Use of the Service is also governed by our Privacy Policy. You agree that by registering a Profile or using our Service you have agreed to our Privacy Statement. You acknowledge that although we strive to maintain the necessary safeguards to protect your personal data, we cannot ensure the security or privacy of information you provide through the Internet and your email messages. … You agree to release us, our parent, subsidiaries and affiliated entities and ours and their shareholders, officers, directors, employees and agents, successors and assigns from all claims, demands, damages, losses, liabilities of every kind, know [sic] and unknown, direct and contingent, disclosed and undisclosed, arising out of or in any way related to the release or use of such information by third parties.  If you are a California resident, you waive California Civil Code Section 1542, which says: ‘A general release does not extend to claims which the creditor does not know or suspect to exist in his favor at the time of executing the release, which, if known by him must have materially affected his settlement with the debtor.’ 21

So why send out DMCA notices, and in particular, why have they been (so far) effective?
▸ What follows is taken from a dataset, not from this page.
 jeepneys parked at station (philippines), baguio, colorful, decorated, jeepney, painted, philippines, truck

It relates to the nature of the information released and how it was obtained.

First off, no individual is going to file a DMCA takedown request in which they will reveal that they have been posting on a website dedicated to infidelity. (N.B. rather risibly, AM states in its FAQ’s that it does not “encourage infidelity”). 22

And by the same token, in order to have the hacked material put back up, the hacker would have to file a counter-notice, which would require the disclosure of the hacker ‘s true name and address as well as a consent to the jurisdiction of the Federal District Court where they reside. 23

For its part, Avid Dating Life says it has a pretty good idea who the hacker is.
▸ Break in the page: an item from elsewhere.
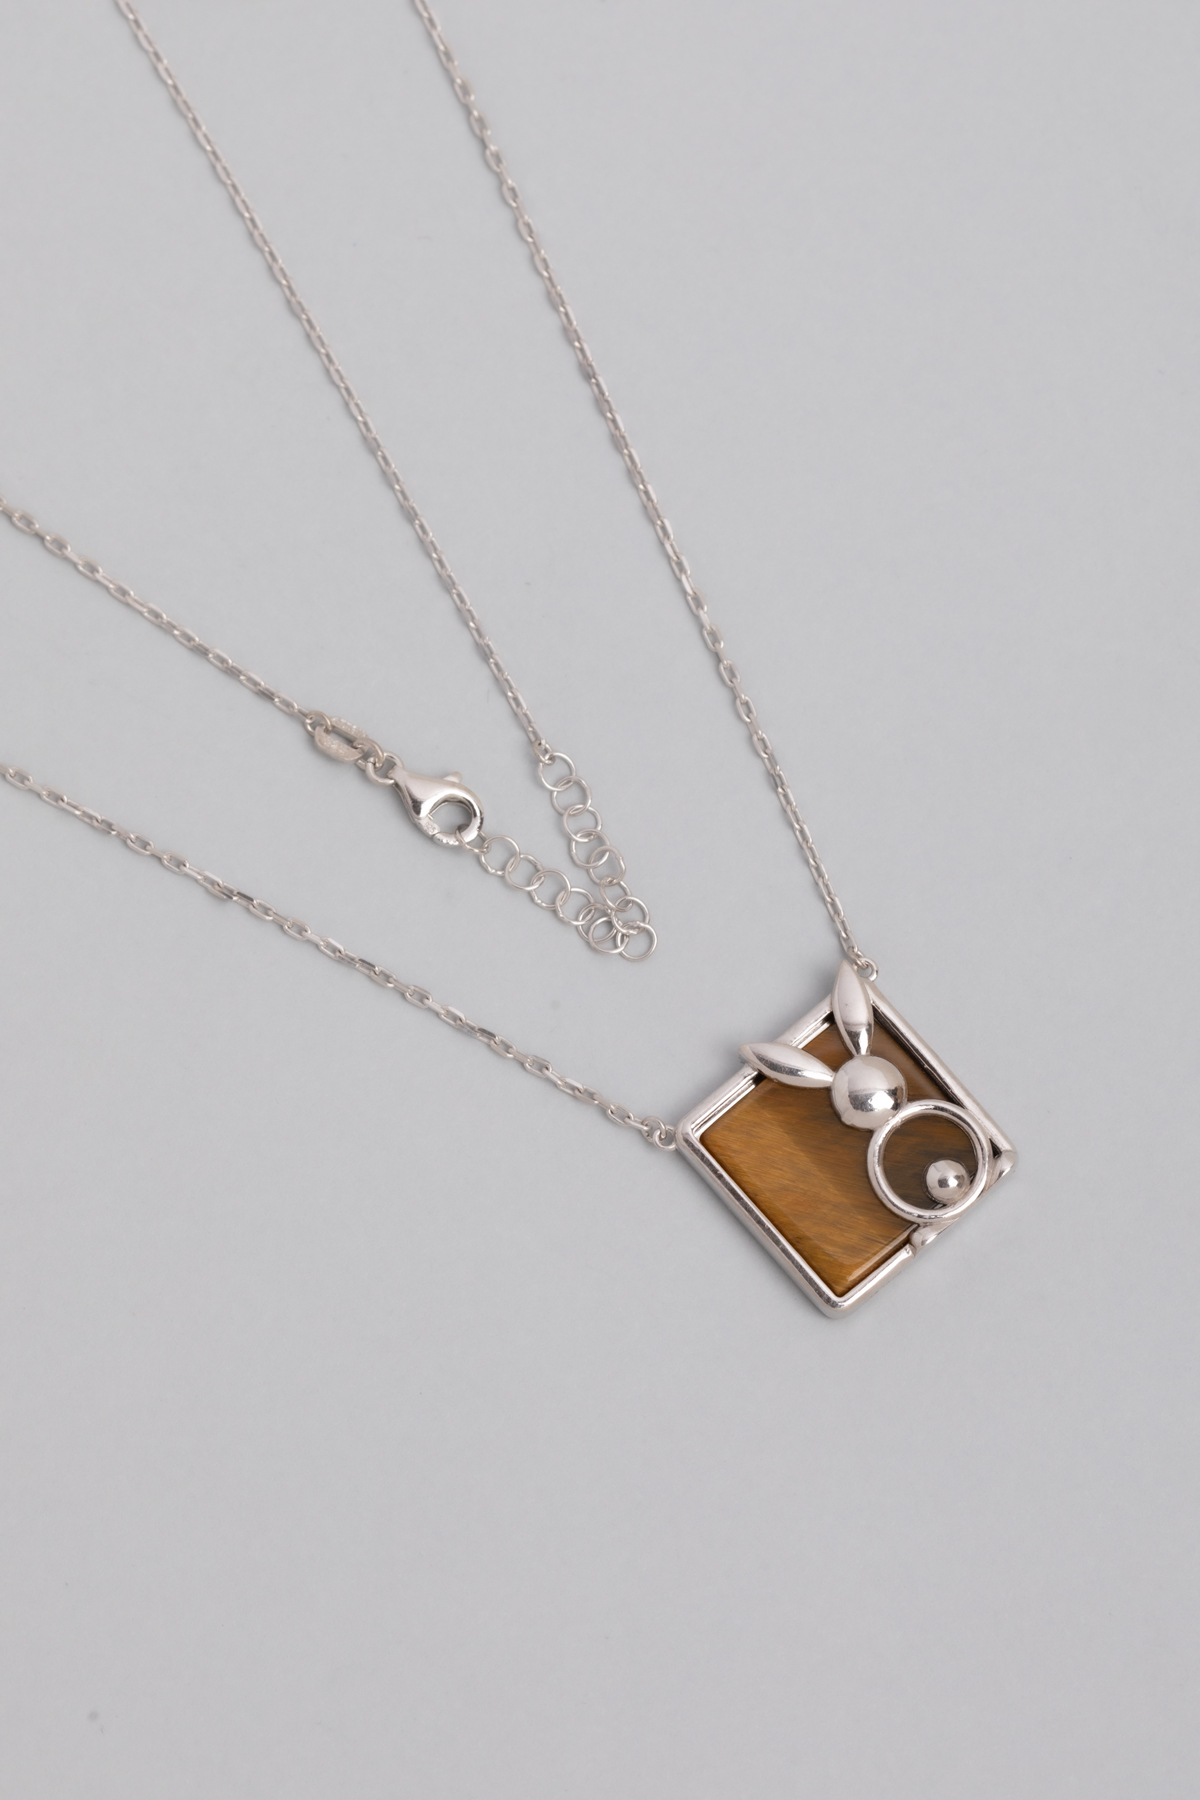 18K White Gold Plated Silver Rabbit Necklace with Tiger Eye Stone

“’We’re on the doorstep of [confirming] who we believe is the culprit, and unfortunately that may have triggered this mass publication,’ Biderman said. ‘I’ve got their profile right in front of me, all their work credentials. It was definitely a person here that was not an employee but certainly had touched our technical services.’” 24

So does ADL have a cause of action against the hacker? Sure. Illegal access to a computer, misappropriation of trade secrets, intentional interference with a favorable business relationship, to name a few.
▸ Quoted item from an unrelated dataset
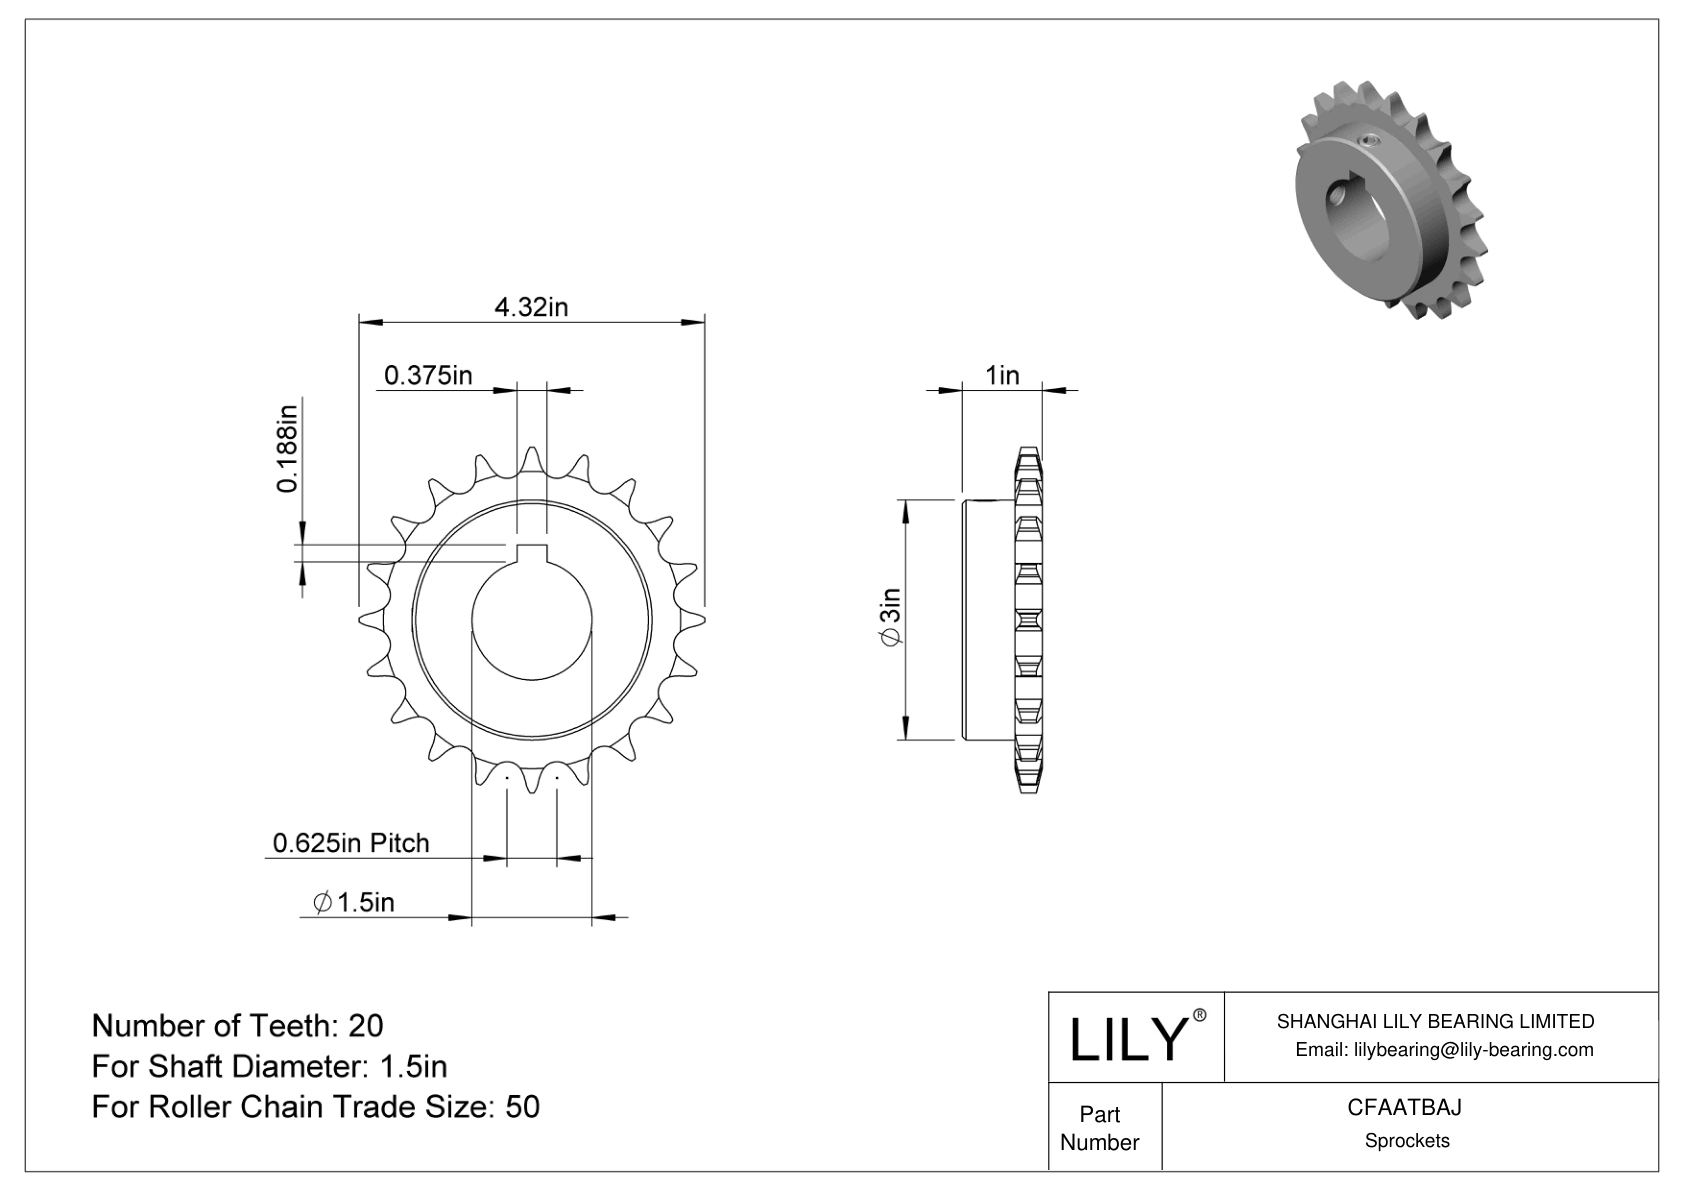 CFAATBAJ Wear-Resistant Sprockets for ANSI Roller Chain cad drawing

Just not copyright infringement.


  1. Online Cheating Site AshleyMadison Hacked
  2. Avid Life Media is the overall holding company, but Avid Dating Life is the company responsible for running Ashley Madison, and thus ADL will be used for purposes of clarity.
  3. Id.
  4. Id. citing Adult dating site hack exposes sexual secrets of millions
  5. Online Cheating Site AshleyMadison Hacked citing Risky Business for
  6. The Ashley Madison hack, explained
  7. Online Cheating Site AshleyMadison Hacked
  8. Id.
  9. Id.
  10. A 1990s anti-piracy law is why you haven’t seen the hacked list of Ashley Madison customers
  11. Id.
  12. Using DMCA to fight Ashley Madison hackers is poor use of copyright law
  13. 3 Count: Cheat Code
  14. Unintended Consequences: How the DMCA Made the Distribution of Stolen Celebrity Photos All Too Easy
  15. Feist Publication Inc. v. Rural Telephone Service, Inc. 499 U.S. 340 Supreme Court of the United States (1991)
  16. Id. at 347
  17. Online Cheating Site AshleyMadison Hacked
  18. Ashley Madison Terms and Conditions (emphasis added)
  19. Id.
  20. 17 USC 512 (c)
  21. Ashley Madison Terms and Conditions (emphasis added)
  22. About Ashley Madison Q: Does Ashley Madison encourage infidelity? A: No, Ashley Madison does not encourage anyone to stray. In fact, if you are having difficulty with your relationship, you should seek counseling.